Electric fields and equipotentials

[dasblack]

Homework Statement

The figure below shows a test charge q between the two positive charges. Find the force (in Newtons) on the test charge for q = -4 µC.
a)Give a positive answer if the force is to the right and a negative answer if the force is to the left.

b.)For the previous question, find the electric field (in Newtons/coulomb) at the position of test charge. Again, supply a positive value if the electric field points to the right and a negative value if it points to the left.

Homework Equations

F=ke|q1|q2|/r^2
E=F/qo

The Attempt at a Solution

a)F21=ke(2x10-6)(4x10-6)/(3x10-2)^2 = 80 to the left
F23=ke(4x10-6)(3x10-6)/(2x10-2)^2 = 269.7 to the right
F2 = 190

b)E=190/-4x10-6 = -4.75e7

Homework Statement

How much work (in joules) is done in moving a charge of 2.5μC a distance of 22 cm along an equipotential at 9~V?

Homework Equations

W=-change in PE, where PE = q(change in volts)

The Attempt at a Solution

W=-2.5e-6(9)= -2.25e-5 J

 

[dasblack]

Hmm I'm not sure about the negative for qo

 

[thomate1]

I would like to provide some additional information and clarification about electric fields and equipotentials.

Electric fields are created by electric charges and can be described as the force per unit charge at a given point in space. They are represented by vector arrows that indicate the direction of the force on a positive test charge at that point. The strength of the electric field is determined by the magnitude of the charges and the distance between them.
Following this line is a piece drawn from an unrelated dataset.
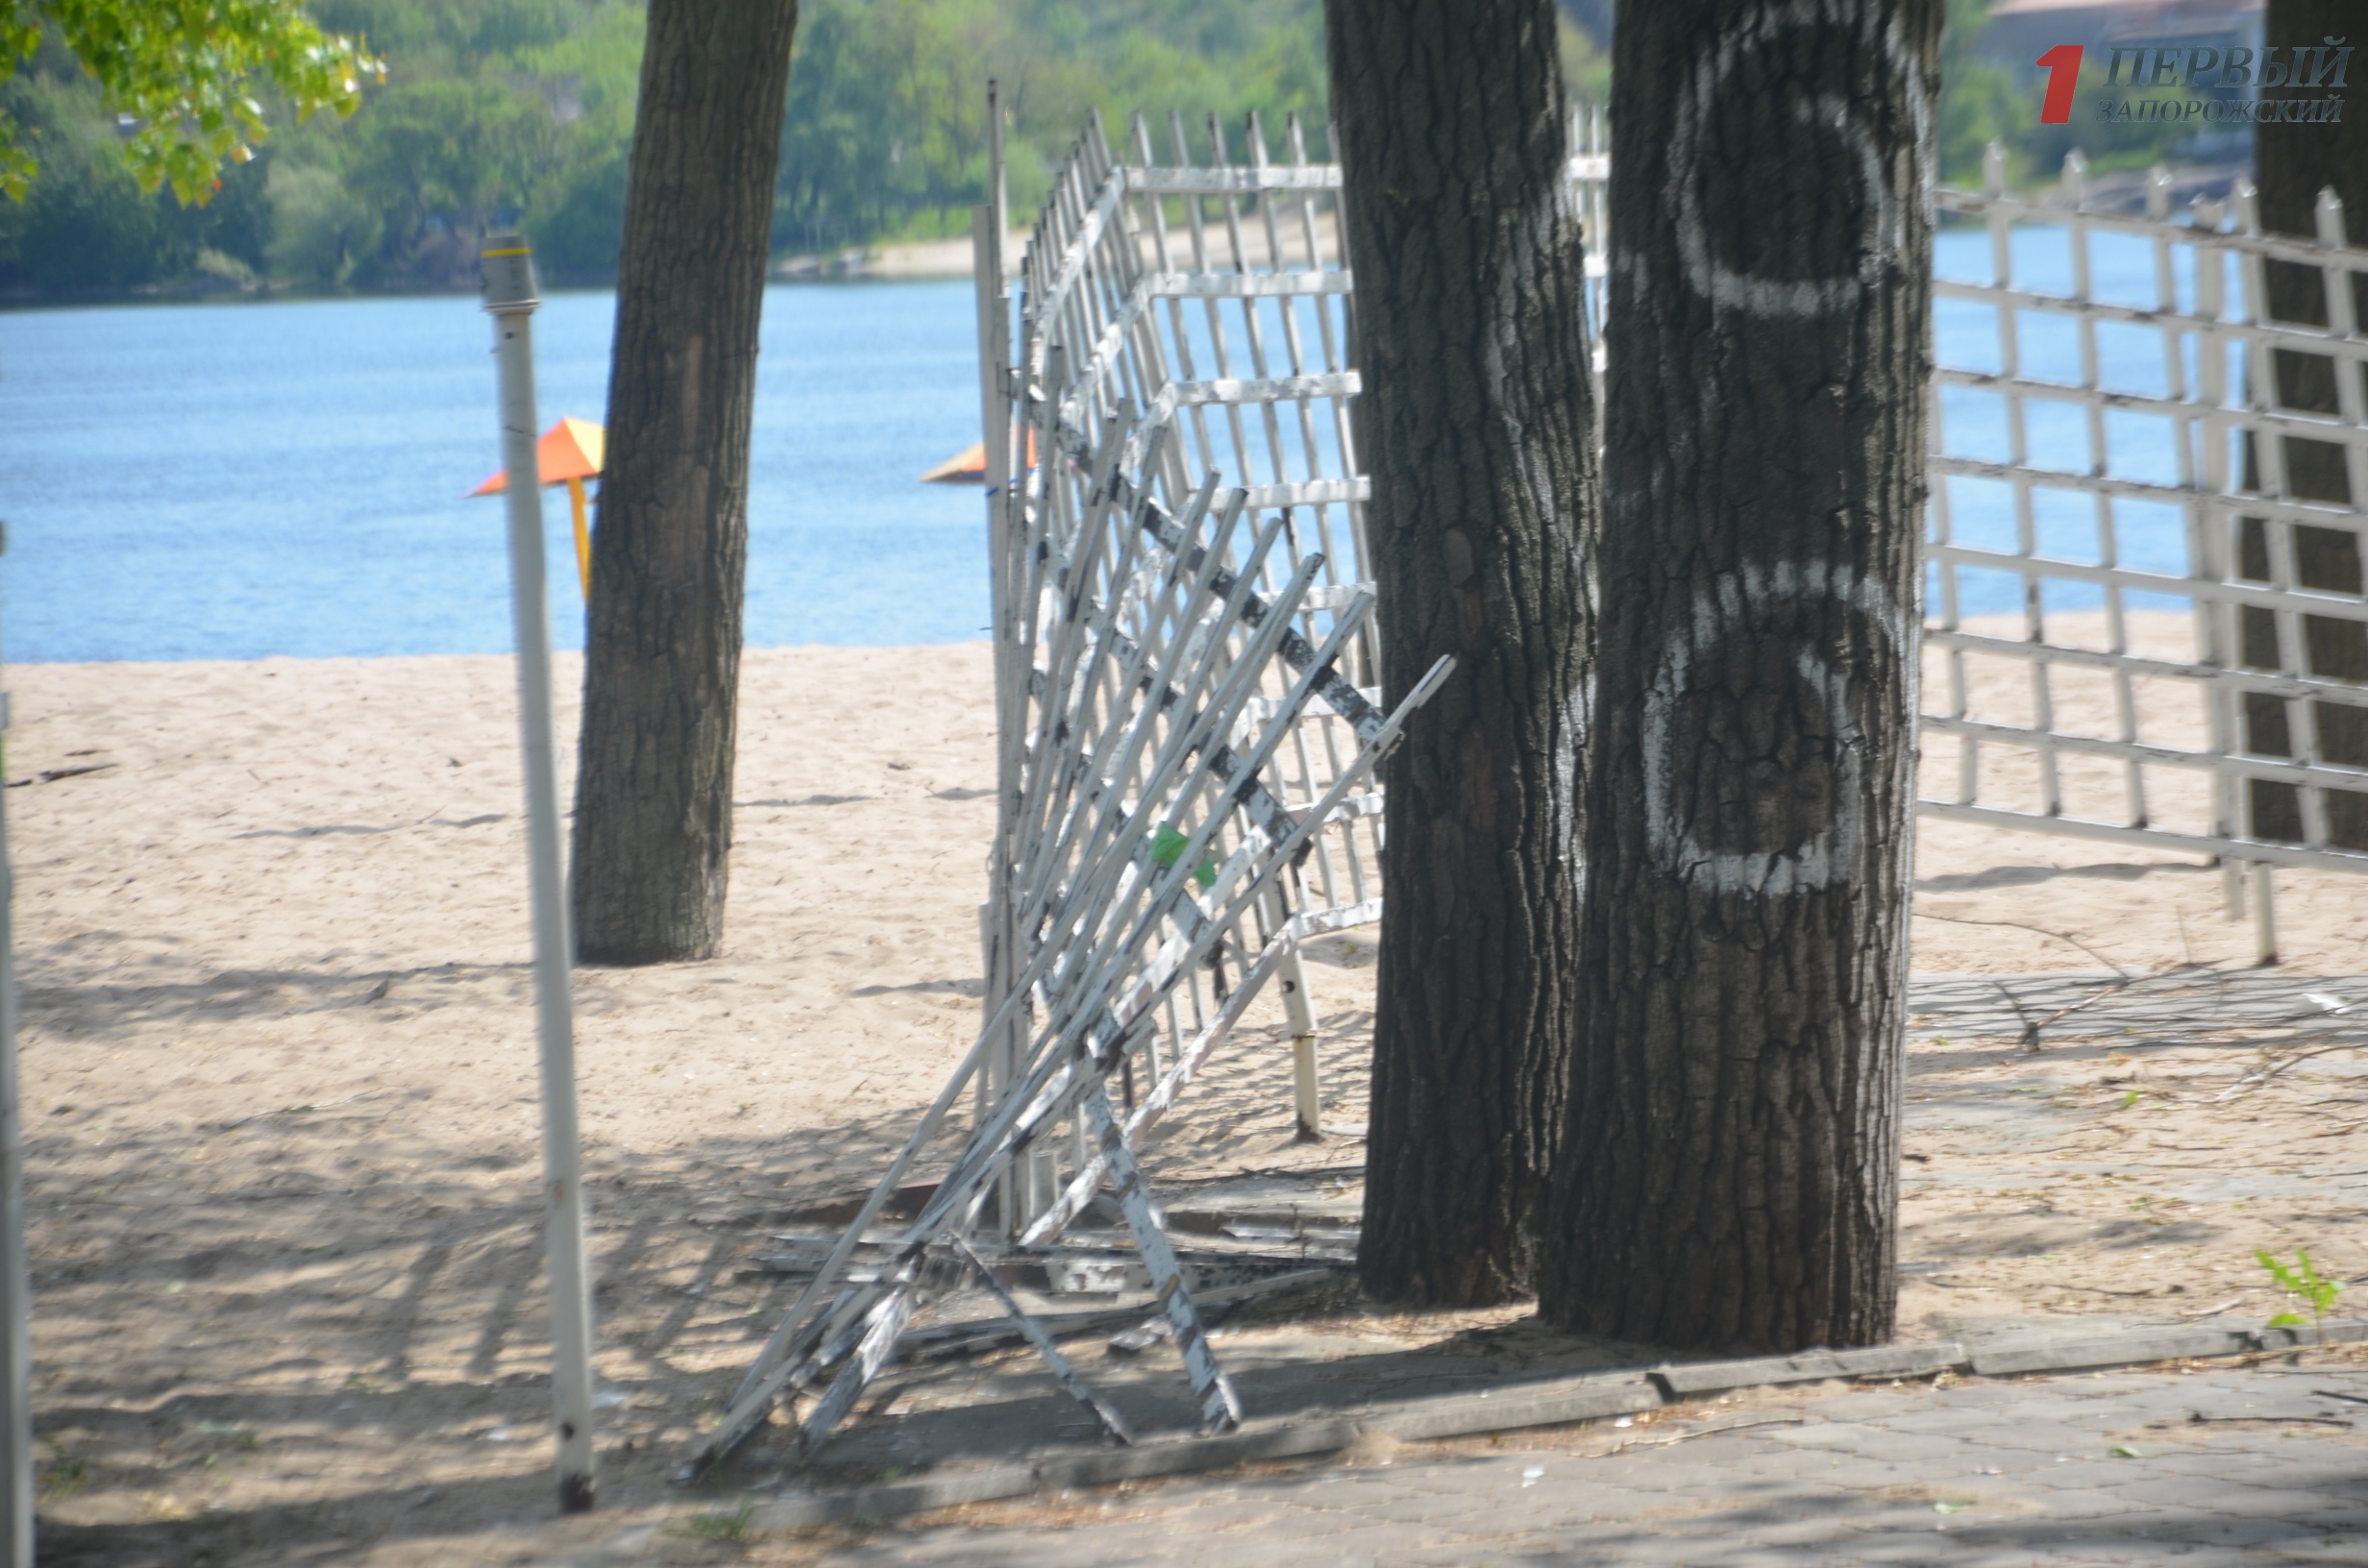 Центральный пляж Запорожья встречает гостей мусором, разбитой плиткой, ржавыми раздевалками и очередными застройками - ФОТО
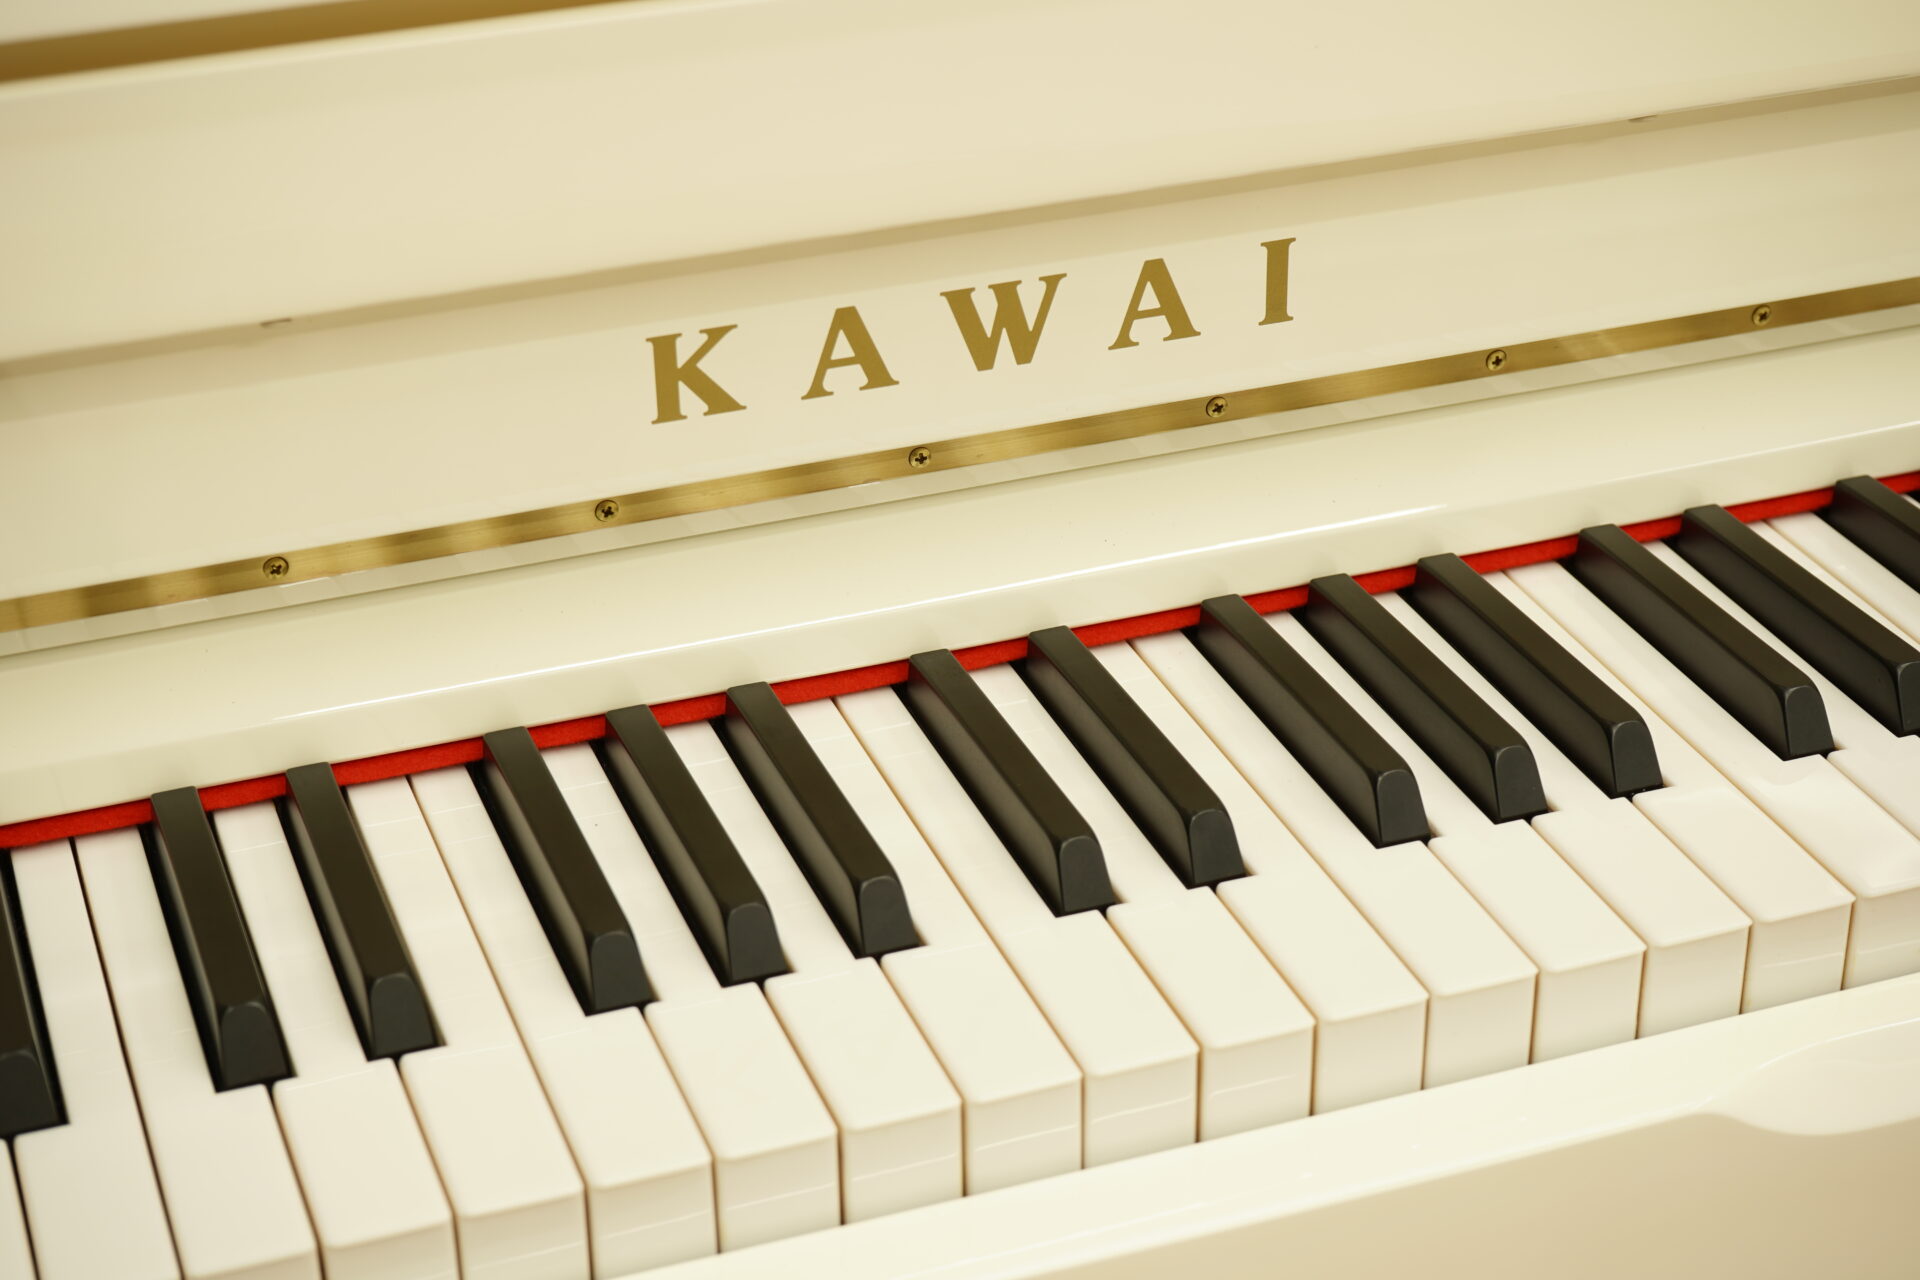 超価格、カワイk-2 人気のコンパクトピアノ、安心スローダウン鍵盤蓋♪

Equipotentials, on the other hand, are imaginary lines that connect points in space that have the same electric potential. Electric potential is a scalar quantity that represents the amount of work needed to move a unit charge from one point to another. Equipotentials are perpendicular to electric field lines and indicate that no work is done in moving a charge along them.

In the first problem, the force on the test charge can be calculated using Coulomb's law, which states that the force between two charged particles is directly proportional to the magnitude of the charges and inversely proportional to the square of the distance between them. The electric field at the position of the test charge can then be found by dividing the force by the test charge.

In the second problem, the work done in moving a charge along an equipotential can be found by multiplying the charge by the change in electric potential. This is because electric potential is defined as the amount of work needed to move a unit charge between two points.

I hope this additional information helps to clarify the concepts of electric fields and equipotentials.